Deployment Phase of Token Engineering Process

The Deployment Phase is final, but also the most demanding step in the process. It involves the implementation of machine learning algorithms that test our assumptions and optimize quantitative parameters. Token Engineering draws from Nassim Taleb’s concept of Antifragility and extensively uses feedback loops to make a system that gains from arising shocks.

Agent-based Modelling 

In agent-based modeling, we describe a set of behaviors and goals displayed by each agent participating in the system (this is why previous steps focused so much on describing stakeholders). Each agent is controlled by an autonomous AI and continuously optimizes his strategy. He learns from his experience and can mimic the behavior of other agents if he finds it effective (Reinforced Learning). This approach allows for mimicking real users, who adapt their strategies with time. An example adaptive agent would be a cryptocurrency trader, who changes his trading strategy in response to experiencing a loss of money.

Monte Carlo Simulations

Token Engineers use the Monte Carlo method to simulate the consequences of various possible interactions while taking into account the probability of their occurrence. By running a large number of simulations it’s possible to stress-test the project in multiple scenarios and identify emergent risks.

Testnet Deployment

If possible, it's highly beneficial for projects to extend the testing phase even further by letting real users use the network. Idea is the same as in agent-based testing - continuous optimization based on provided metrics. Furthermore, in case the project considers airdropping its tokens, giving them to early users is a great strategy. Even though part of the activity will be disingenuine and airdrop-oriented, such strategy still works better than most.

Time Duration

Token engineering process may take from as little as 2 weeks to as much as 5 months. It depends on the project category (Layer 1 protocol will require more time, than a simple DApp), and security requirements. For example, a bank issuing its digital token will have a very low risk tolerance.
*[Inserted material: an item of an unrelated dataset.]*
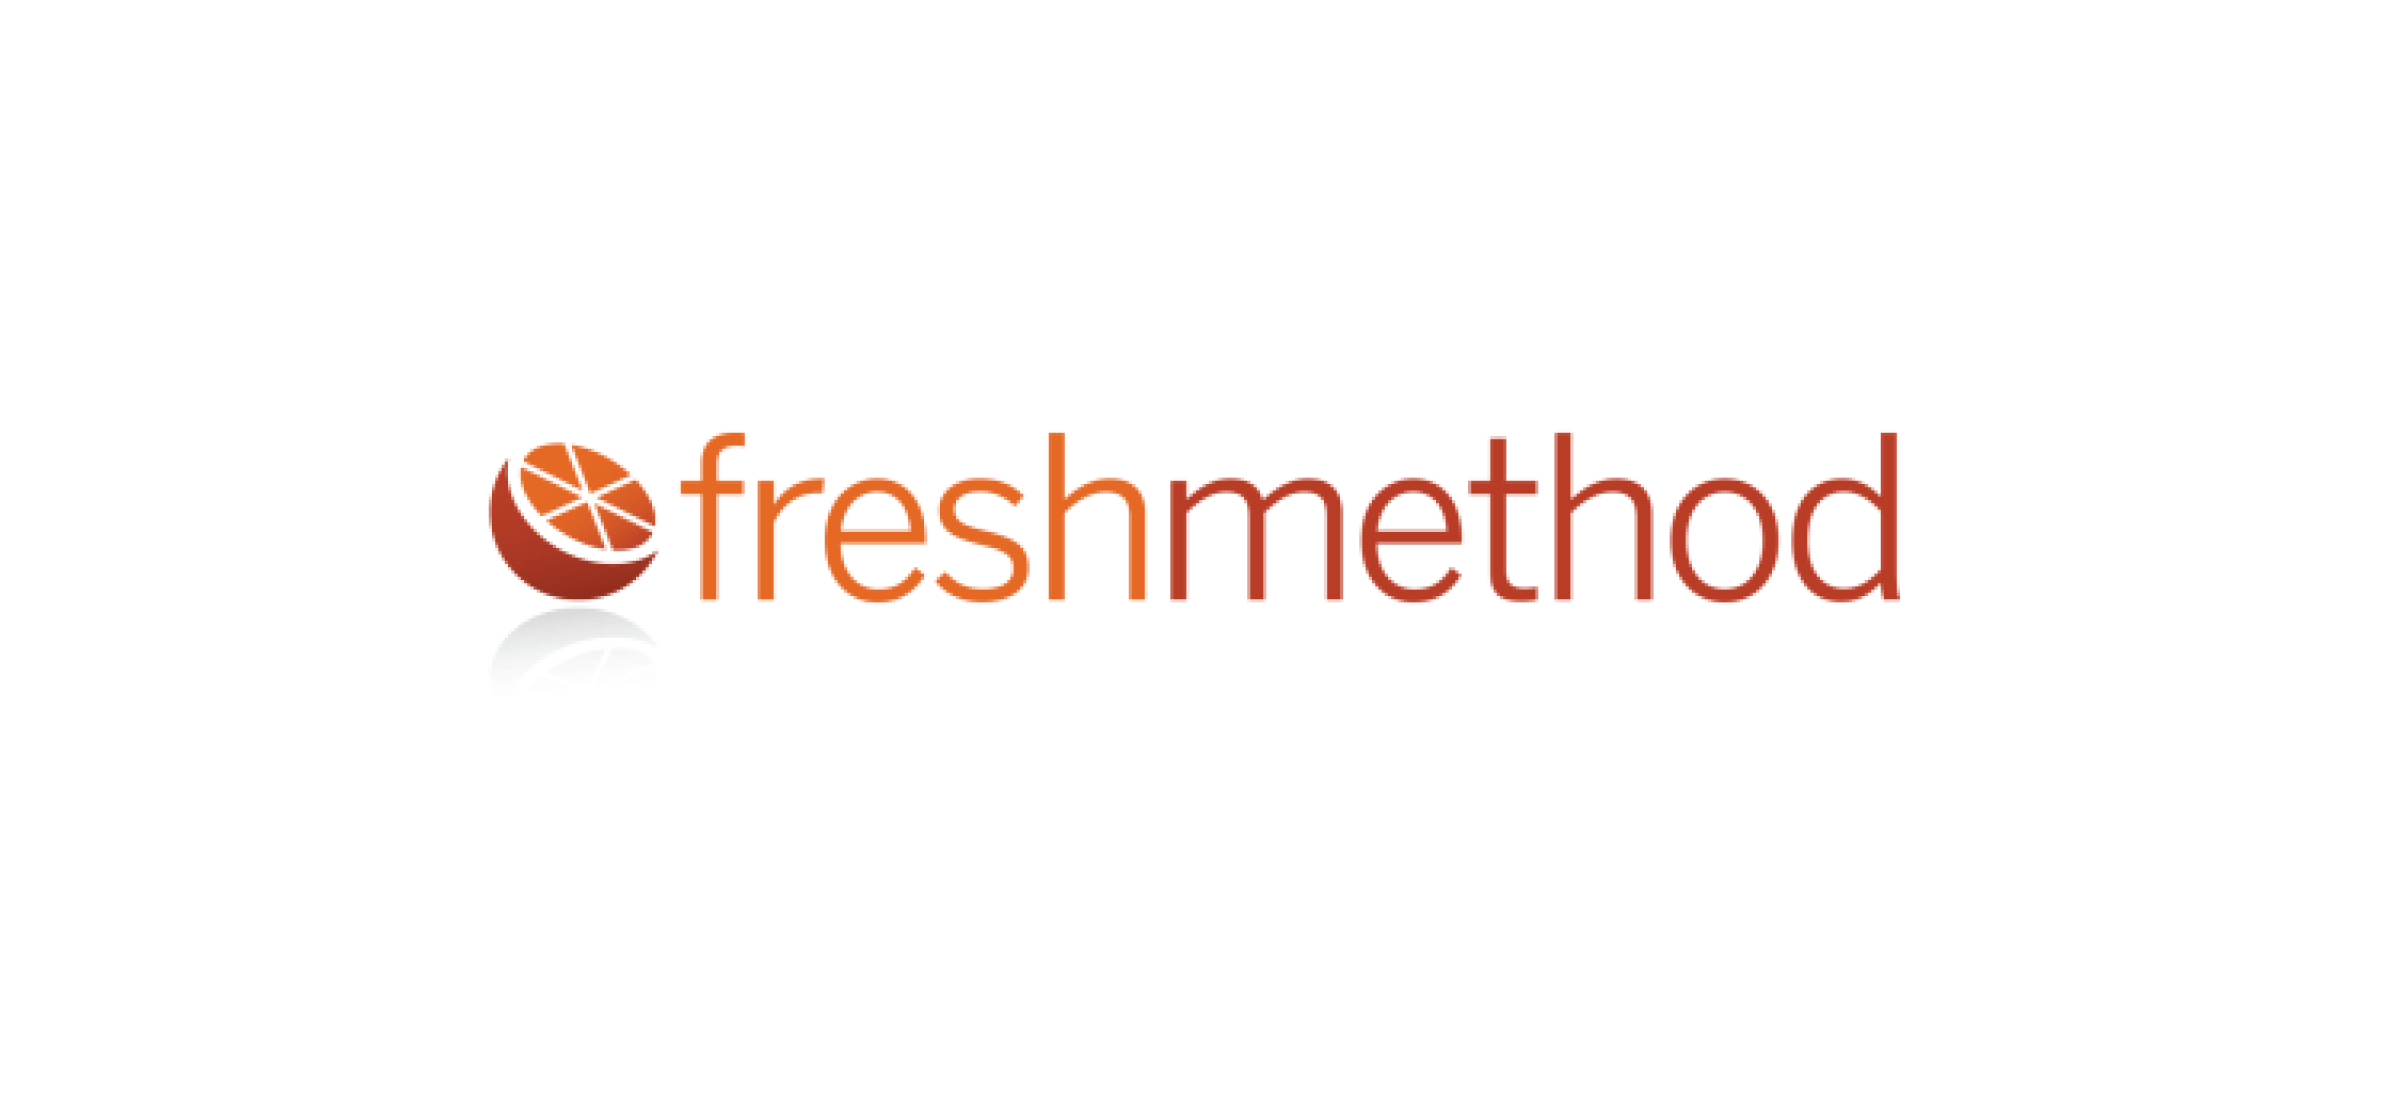 The Freshmethod logo

Required Skills for Token Engineering

Token engineering is a multidisciplinary field and requires a great amount of specialized knowledge. Key knowledge areas are:

  • Systems Engineering
  • Machine Learning
  • Market Research
  • Capital Markets
  • Current trends in Web3
  • Blockchain Engineering
  • Statistics


The token engineering process consists of 3 steps: Discovery Phase, Design Phase, and Deployment Phase. It’s utilized mostly by established blockchain projects, and financial institutions like the International Monetary Fund. Even though it’s a very resource-consuming process, we believe it’s worth it. Projects that went through scrupulous design and testing before launch are much more likely to receive VC funding and be in the 10% of crypto projects that survive the bear market. Going through that process also has a symbolic meaning - it shows that the project is long-term oriented.

If you're looking to create a robust tokenomics model and go through institutional-grade testing please reach out to Our team is ready to help you with the token engineering process and ensure your project’s resilience in the long term.
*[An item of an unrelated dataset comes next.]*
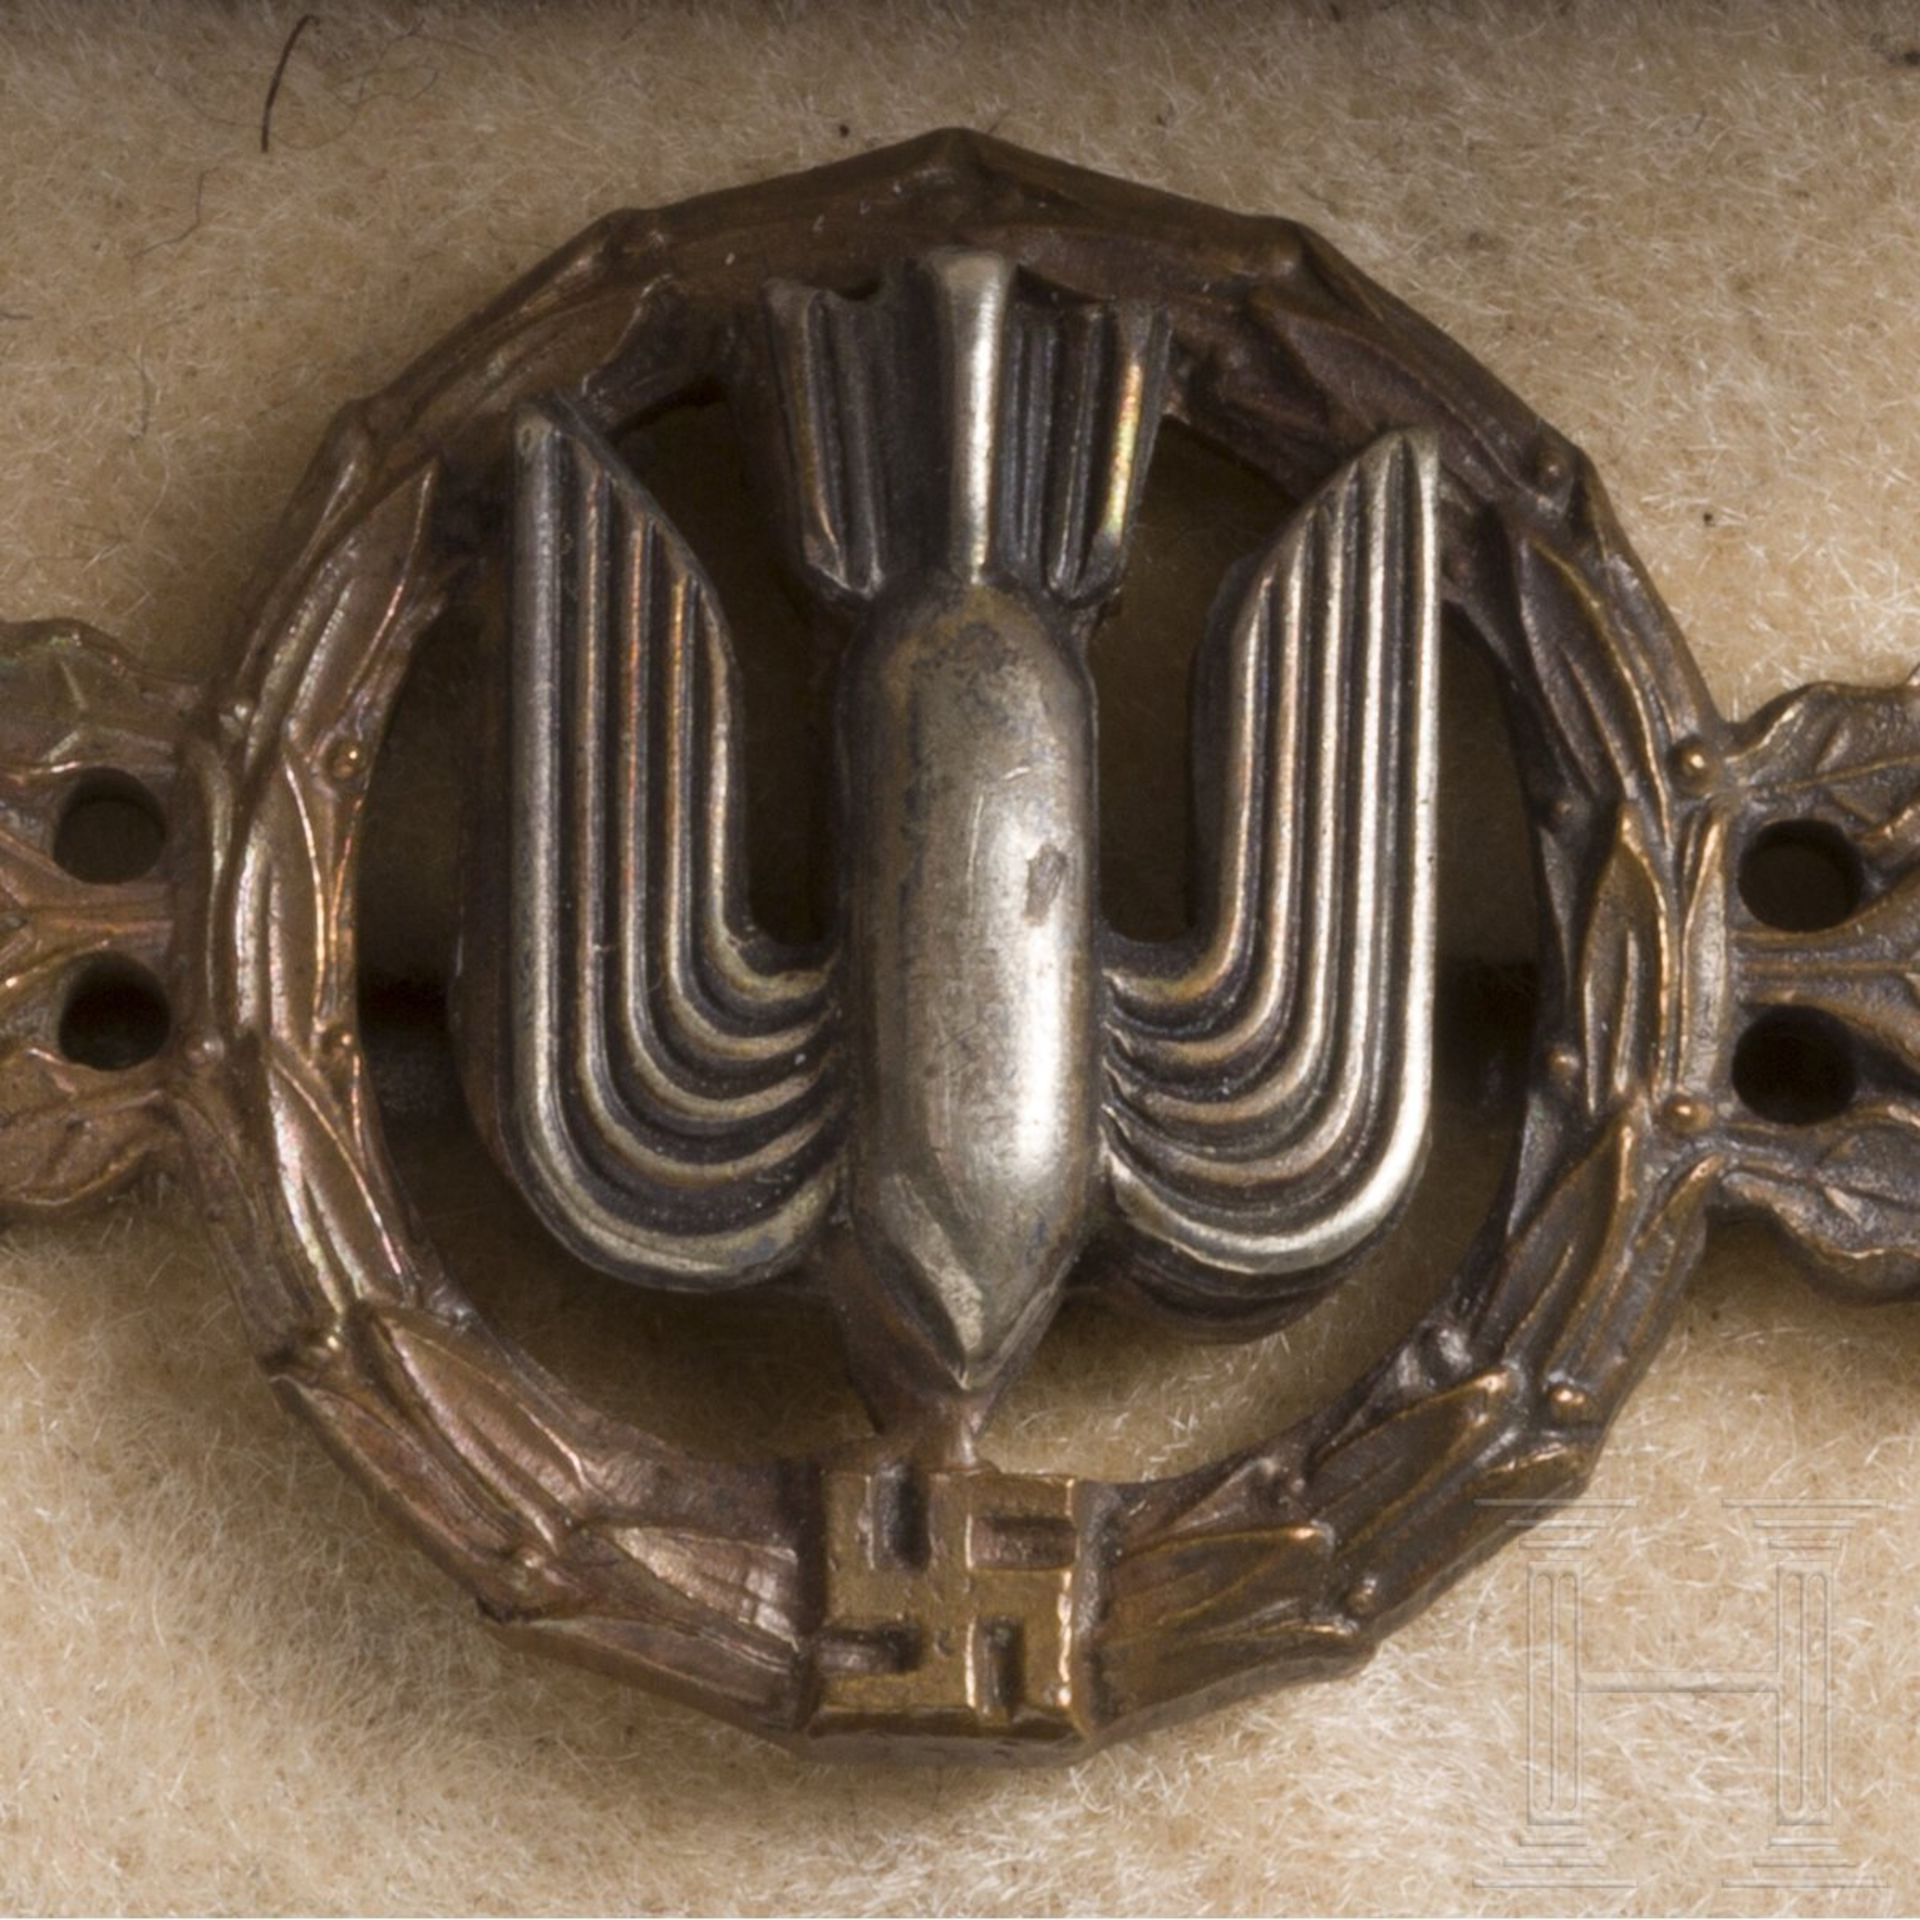 Frontflugspange für Kampf- und Sturzkampfflieger in Bronze im Etui - Image 4 of 4

What does token engineering process look like?

  • Token engineering process is conducted in a 3-step methodical fashion. This includes Discovery Phase, Design Phase, and Deployment Phase. Each of these stages should be tailored to the specific needs of a project.

Is token engineering meant only for big projects?

  • We recommend that even small projects go through a simplified design and optimization process. This increases community's trust and makes sure that the tokenomics doesn't have any obvious flaws.

How long does the token engineering process take?

  • It depends on the project and may range from 2 weeks to 5 months.